The L.A. County Metropolitan Transportation Authority, the leading provider of bus and rail service in Southern California, charges $1.25 per trip (it’ll go up to $1.50 in July). You can pay an extra 30 cents to transfer to another provider.

But you can’t get a transfer to switch from one Metro route to another, or from a bus to a subway. Switching from a Metro rapid bus line, say, to a Metro local line will require you to pay the full fare twice.

So you can switch between providers with a cheap transfer, but not between modes on the same provider, unless you have a monthly pass.

What does get everyone everywhere, provided they can afford it, is cars. It helps if there’s parking, and there’s a lot of parking in LA: 0.52 parking spaces per job in the central business district, compared to 0.13 in Chicago and 0.06 in New York City. Spread out over the entire CBD of Los Angeles, its parking would cover 81 percent of it, the highest figure on earth.

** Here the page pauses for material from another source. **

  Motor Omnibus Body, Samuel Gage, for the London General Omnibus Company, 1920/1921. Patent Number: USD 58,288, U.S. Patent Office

This, I think, speaks a great deal towards the segregation of public transportation, especially buses, in Los Angeles. It has substantial challenges in building a robust transportation system, not least because it got a late start and then blew up what it did have. But just as importantly, the alternative to public transportation in LA is much more convenient. The lack of a single urban core, and the ease of parking in the urban cores that do exist, means that the carrot isn’t very good and the stick is nonexistent.

That’s why I’m skeptical of the idea that “there’s a social understanding and a construction around that if you take the bus, you take it because you don’t have money.” Or if there is, it’s because there are practical reasons why people with money don’t take the bus, foremost among them LA’s cornucopia of parking, which makes driving cheaper and easier. I don’t think there’s anything particular to Los Angelenos when it comes to class, race, and public transportation, any more than habits that have been reinforced by public policy. Chicago’s shown that you can segregate just as easily on the same modes of transportation.